Continuing the theme, here's the Philippines' version of the 1960s' "Batman" TV show, presented as a feel-good spoof. Director Tony Reyes has also served up Pinoy takes on such Western heroes as Tarzan, RoboCop, He-Man, The Lone Ranger, the "Miami Vice" and "Lethal Weapon" duos and Tango & Cash(?!?), but the first one I ever heard about was this zany-looking lawsuit bait from 1993 featuring popular comedian Joey de Leon. Apparently, in this film, Batman and Robin are actually brothers (played by Joey and his son, Keempee) who strap on the superhero costumes in order to stop a crime spree by a mustachioed Joker, a relatively svelte Penguin and a Catwoman who's adopted a red-and-blue color scheme. Of course, they employ the help of some musical numbers and a few onomatopoeic fight scene intertitles that appear to be lifted straight from the iconic Adam West series. The finale reportedly features appearances by Wonder Woman and a midget Spider-Man. I must say, Heath Ledger was real good, but this dude looks like the scariest Joker ever.



"Little Red Riding Hood and the Monsters"
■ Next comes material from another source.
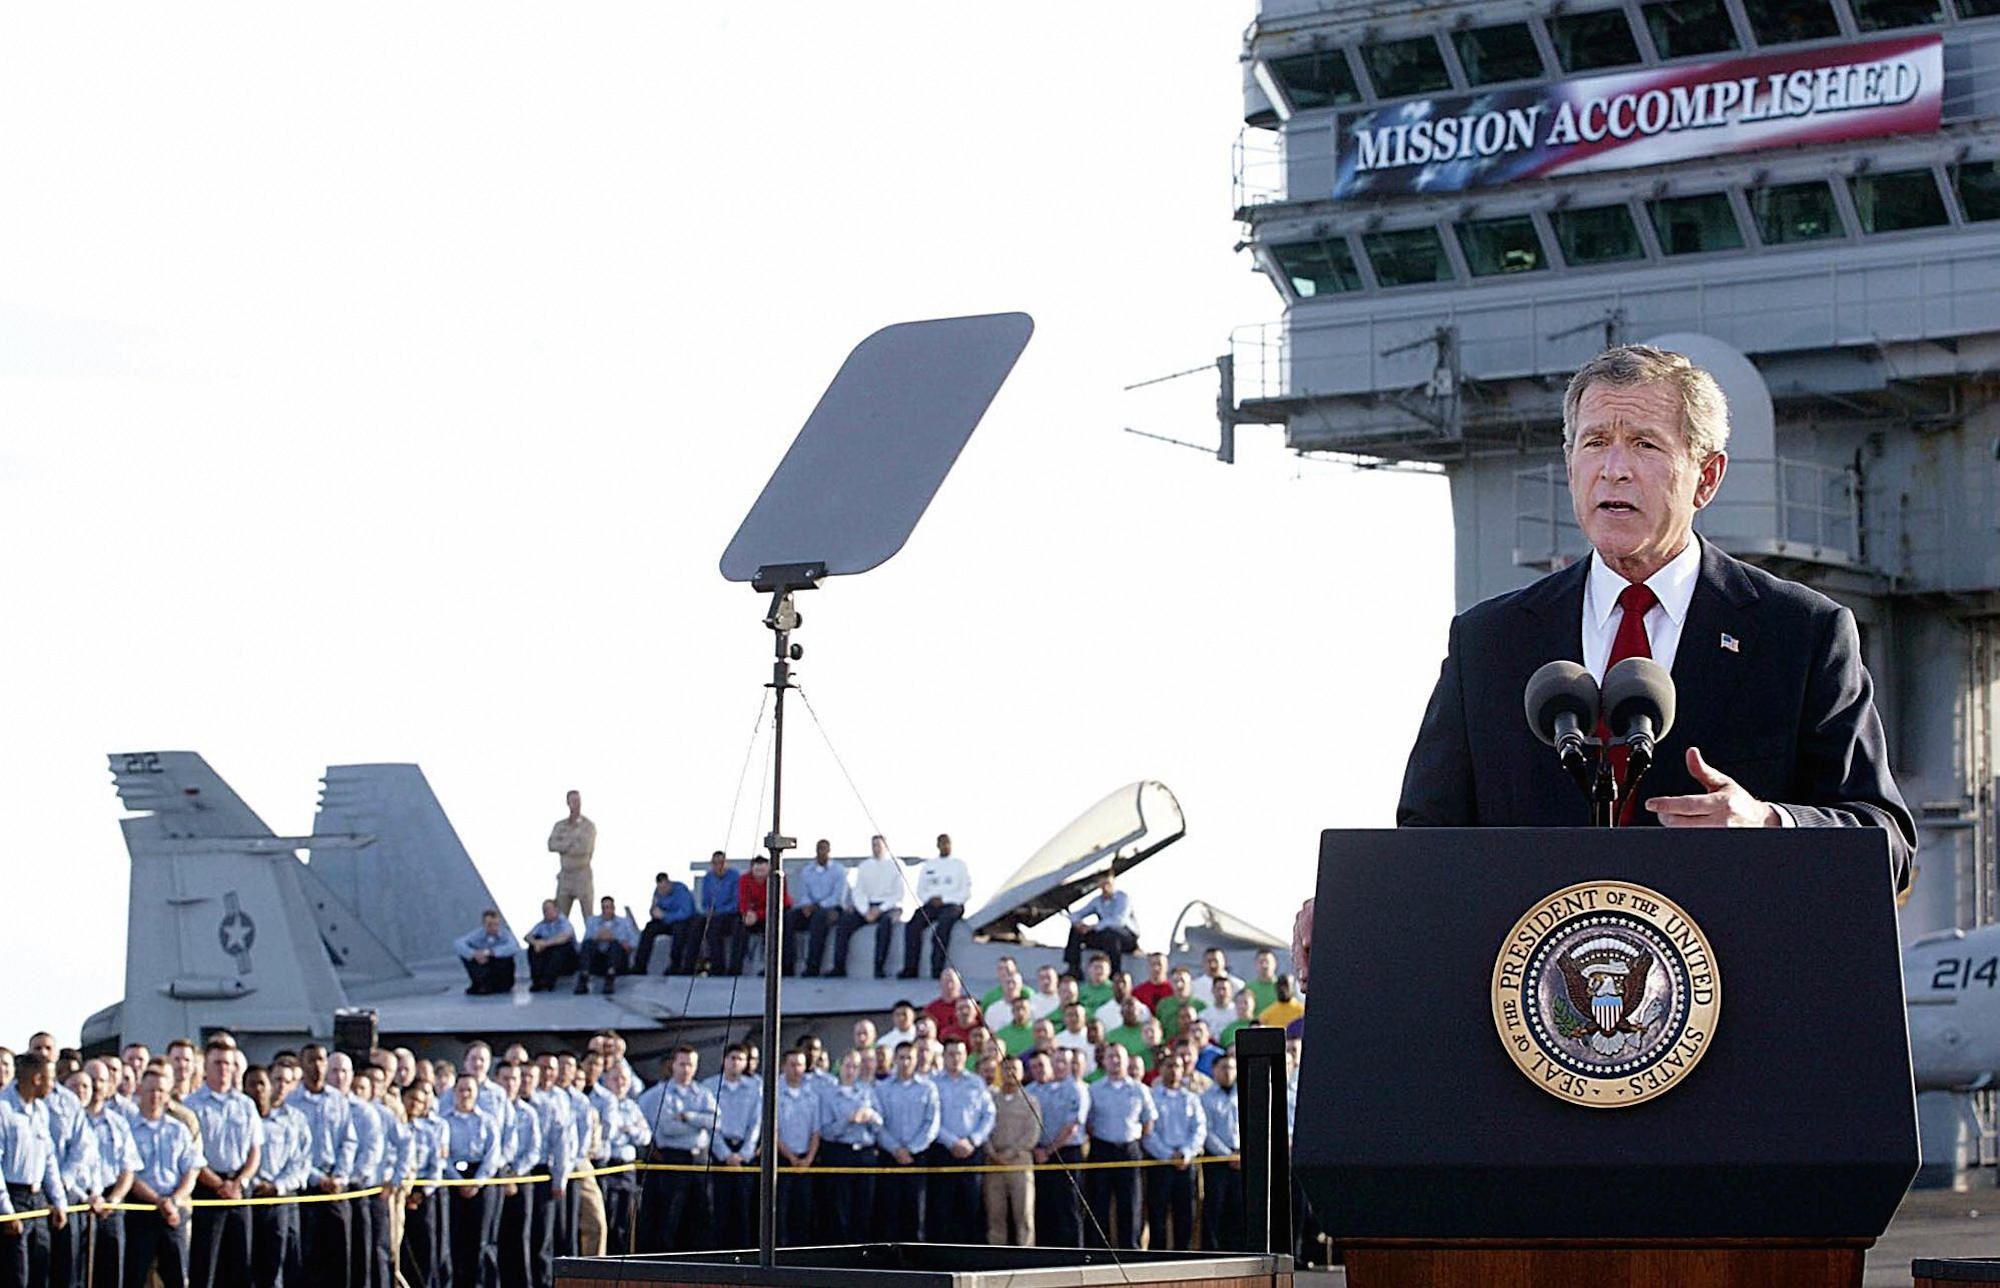 George W.'s Biographer Explains How Bush Family Failures Led to Donald Trump's Success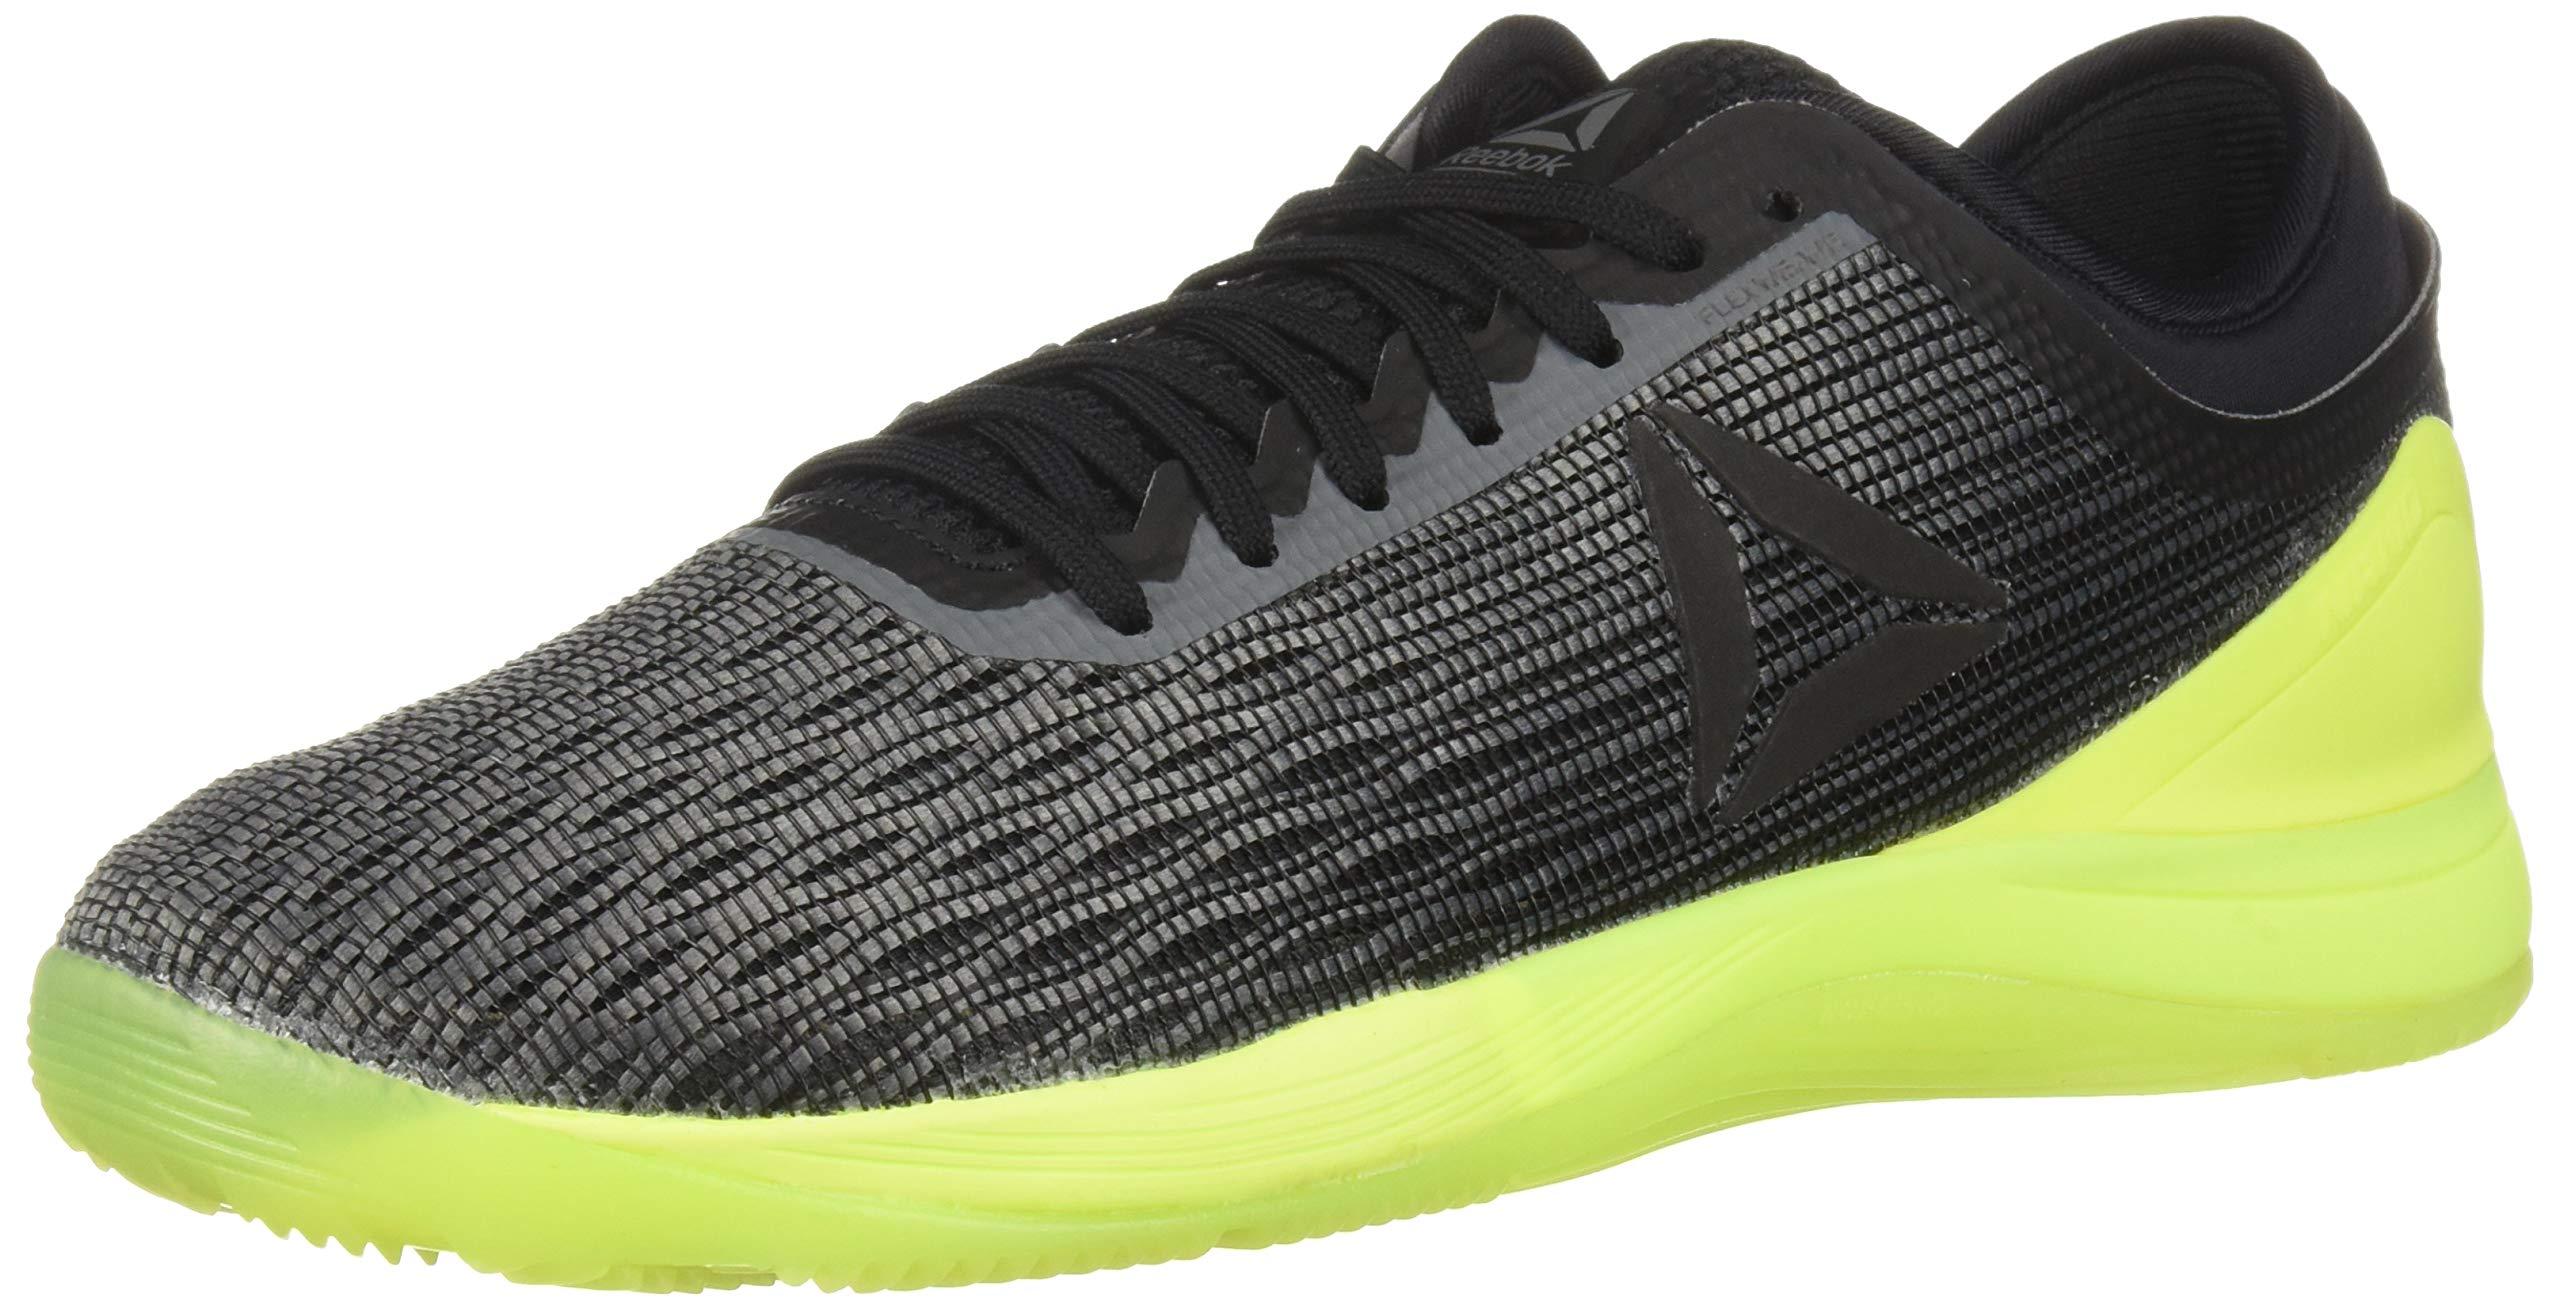 Reebok Men's CROSSFIT Nano 8.0 Sneaker, Alloy/Black/Solar Yellow, 6.5 M US by Reebok (Image #1)

Here's more ostensibly family-friendly business, the sort of terrifying children's movie the world will probably never see again. Bloomington, IL native and exploitation producer K. Gordon Murray imported a lot of weird Mexican shit, mostly horror flicks and kiddie pics, the most celebrated being MST3K favorites "The Robot vs. the Aztec Mummy" and "Santa Claus." (He also brought Americans "The Brainiac," about which you remember me writing a few months ago.) This is one of many fairy tale-inspired pictures that Murray stuffed onto weekend-only double features, bizarre but energetically dubbed productions that resemble a rural park district's unauthorized stage production of "H.R. Pufnstuf." Its washed-out color, cheap but bright set design and ratty-looking costumes make it look like prime acid era kidsploitation (as well as John Waters' "Desperate Living"). The plot, which imaginatively confounds the storybook lore of Little Red Riding Hood and Tom Thumb with witches, Frankensteins, dragons, cavemen and robots, makes it sound like a nightmare-giving classic. I can't wait to see the forthcoming documentary on Murray, which might make a good double feature with "Not Quite Hollywood."



"Terror"
Although he only made a handful of flicks, Norman J. Warren was one of very few exploitation-era British sleazemasters of any repute. He's probably best known for "Inseminoid," one of several gory "Alien" knock-offs in which a woman is graphically impregnated by a slimy creature from beyond the stars. I saw that one under its old American video title, "Horror Planet," but don't really remember anything about it... as far as that sort of stuff goes, I prefer "Galaxy of Terror," simply because it embarasses production designer/second unit director James Cameron, has a great cast and you get to see Joanie Cunningham's head explode. Now, despite its generic title and relative obscurity, Warren's "Terror" has been reassessed in recent years as a long-buried gem of low-budget "Suspiria" worship. As you probably know, that's my favorite horror movie, and although many people have claimed it has inspired their work, I've never seen anything that approximates its balance of style, grace, savagery and mythical nonsense. Argento himself came close with "Inferno," but the unintentionally ridiculous "La Terza Madre" proved ol' Dario has completely lost his impulse to let images and sound lead the viewer like the primal pull of a nightmare. From what I've read, it appears that Mr. Warren understood why "Suspiria" is a great film, so I am itching to watch his own amalgamation of arcane witchcraft, startling murders and psychedelic light gels.